To do: Please copy the entries below word for word.

Data:
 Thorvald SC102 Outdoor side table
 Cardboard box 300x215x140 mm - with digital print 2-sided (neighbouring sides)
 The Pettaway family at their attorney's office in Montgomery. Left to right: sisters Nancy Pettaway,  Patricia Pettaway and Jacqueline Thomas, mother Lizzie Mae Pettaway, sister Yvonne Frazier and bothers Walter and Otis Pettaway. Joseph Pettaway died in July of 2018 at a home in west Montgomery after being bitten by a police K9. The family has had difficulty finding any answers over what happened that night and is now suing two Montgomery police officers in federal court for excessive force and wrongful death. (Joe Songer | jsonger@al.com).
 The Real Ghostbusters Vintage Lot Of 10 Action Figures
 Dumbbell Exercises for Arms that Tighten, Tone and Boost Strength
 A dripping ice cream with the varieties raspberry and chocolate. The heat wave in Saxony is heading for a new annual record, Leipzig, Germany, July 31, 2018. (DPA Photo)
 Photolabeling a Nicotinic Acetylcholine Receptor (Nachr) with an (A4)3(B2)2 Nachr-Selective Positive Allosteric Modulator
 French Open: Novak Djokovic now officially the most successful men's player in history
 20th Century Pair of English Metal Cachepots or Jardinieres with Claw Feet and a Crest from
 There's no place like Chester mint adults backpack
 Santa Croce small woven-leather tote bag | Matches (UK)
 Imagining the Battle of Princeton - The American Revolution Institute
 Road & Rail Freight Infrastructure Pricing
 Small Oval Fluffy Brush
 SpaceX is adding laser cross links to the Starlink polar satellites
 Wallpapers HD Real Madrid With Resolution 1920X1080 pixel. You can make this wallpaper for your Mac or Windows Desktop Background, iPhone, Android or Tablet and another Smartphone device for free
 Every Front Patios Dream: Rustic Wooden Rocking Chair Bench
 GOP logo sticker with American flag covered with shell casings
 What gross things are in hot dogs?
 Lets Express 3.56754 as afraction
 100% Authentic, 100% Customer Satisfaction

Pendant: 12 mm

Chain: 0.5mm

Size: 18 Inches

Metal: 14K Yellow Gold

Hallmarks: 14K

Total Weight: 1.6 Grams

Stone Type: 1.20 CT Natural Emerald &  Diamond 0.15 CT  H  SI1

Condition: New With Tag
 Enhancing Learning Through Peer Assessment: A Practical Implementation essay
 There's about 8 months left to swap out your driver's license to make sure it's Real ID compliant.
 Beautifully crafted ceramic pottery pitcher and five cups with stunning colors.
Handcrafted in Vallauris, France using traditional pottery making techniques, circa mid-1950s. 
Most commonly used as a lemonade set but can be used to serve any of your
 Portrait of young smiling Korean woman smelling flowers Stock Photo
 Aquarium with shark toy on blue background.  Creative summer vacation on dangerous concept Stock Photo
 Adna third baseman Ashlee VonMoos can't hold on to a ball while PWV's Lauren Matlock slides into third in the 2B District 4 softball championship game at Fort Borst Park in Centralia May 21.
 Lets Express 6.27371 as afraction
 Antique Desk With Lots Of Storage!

The completed task:
 Thorvald SC102 Outdoor side table
 Cardboard box 300x215x140 mm - with digital print 2-sided (neighbouring sides)
 The Pettaway family at their attorney's office in Montgomery. Left to right: sisters Nancy Pettaway,  Patricia Pettaway and Jacqueline Thomas, mother Lizzie Mae Pettaway, sister Yvonne Frazier and bothers Walter and Otis Pettaway. Joseph Pettaway died in July of 2018 at a home in west Montgomery after being bitten by a police K9. The family has had difficulty finding any answers over what happened that night and is now suing two Montgomery police officers in federal court for excessive force and wrongful death. (Joe Songer | jsonger@al.com).
 The Real Ghostbusters Vintage Lot Of 10 Action Figures
 Dumbbell Exercises for Arms that Tighten, Tone and Boost Strength
 A dripping ice cream with the varieties raspberry and chocolate. The heat wave in Saxony is heading for a new annual record, Leipzig, Germany, July 31, 2018. (DPA Photo)
 Photolabeling a Nicotinic Acetylcholine Receptor (Nachr) with an (A4)3(B2)2 Nachr-Selective Positive Allosteric Modulator
 French Open: Novak Djokovic now officially the most successful men's player in history
 20th Century Pair of English Metal Cachepots or Jardinieres with Claw Feet and a Crest from
 There's no place like Chester mint adults backpack
 Santa Croce small woven-leather tote bag | Matches (UK)
 Imagining the Battle of Princeton - The American Revolution Institute
 Road & Rail Freight Infrastructure Pricing
 Small Oval Fluffy Brush
 SpaceX is adding laser cross links to the Starlink polar satellites
 Wallpapers HD Real Madrid With Resolution 1920X1080 pixel. You can make this wallpaper for your Mac or Windows Desktop Background, iPhone, Android or Tablet and another Smartphone device for free
 Every Front Patios Dream: Rustic Wooden Rocking Chair Bench
 GOP logo sticker with American flag covered with shell casings
 What gross things are in hot dogs?
 Lets Express 3.56754 as afraction
 100% Authentic, 100% Customer Satisfaction

Pendant: 12 mm

Chain: 0.5mm

Size: 18 Inches

Metal: 14K Yellow Gold

Hallmarks: 14K

Total Weight: 1.6 Grams

Stone Type: 1.20 CT Natural Emerald &  Diamond 0.15 CT  H  SI1

Condition: New With Tag
 Enhancing Learning Through Peer Assessment: A Practical Implementation essay
 There's about 8 months left to swap out your driver's license to make sure it's Real ID compliant.
 Beautifully crafted ceramic pottery pitcher and five cups with stunning colors.
Handcrafted in Vallauris, France using traditional pottery making techniques, circa mid-1950s. 
Most commonly used as a lemonade set but can be used to serve any of your
 Portrait of young smiling Korean woman smelling flowers Stock Photo
 Aquarium with shark toy on blue background.  Creative summer vacation on dangerous concept Stock Photo
 Adna third baseman Ashlee VonMoos can't hold on to a ball while PWV's Lauren Matlock slides into third in the 2B District 4 softball championship game at Fort Borst Park in Centralia May 21.
 Lets Express 6.27371 as afraction
 Antique Desk With Lots Of Storage!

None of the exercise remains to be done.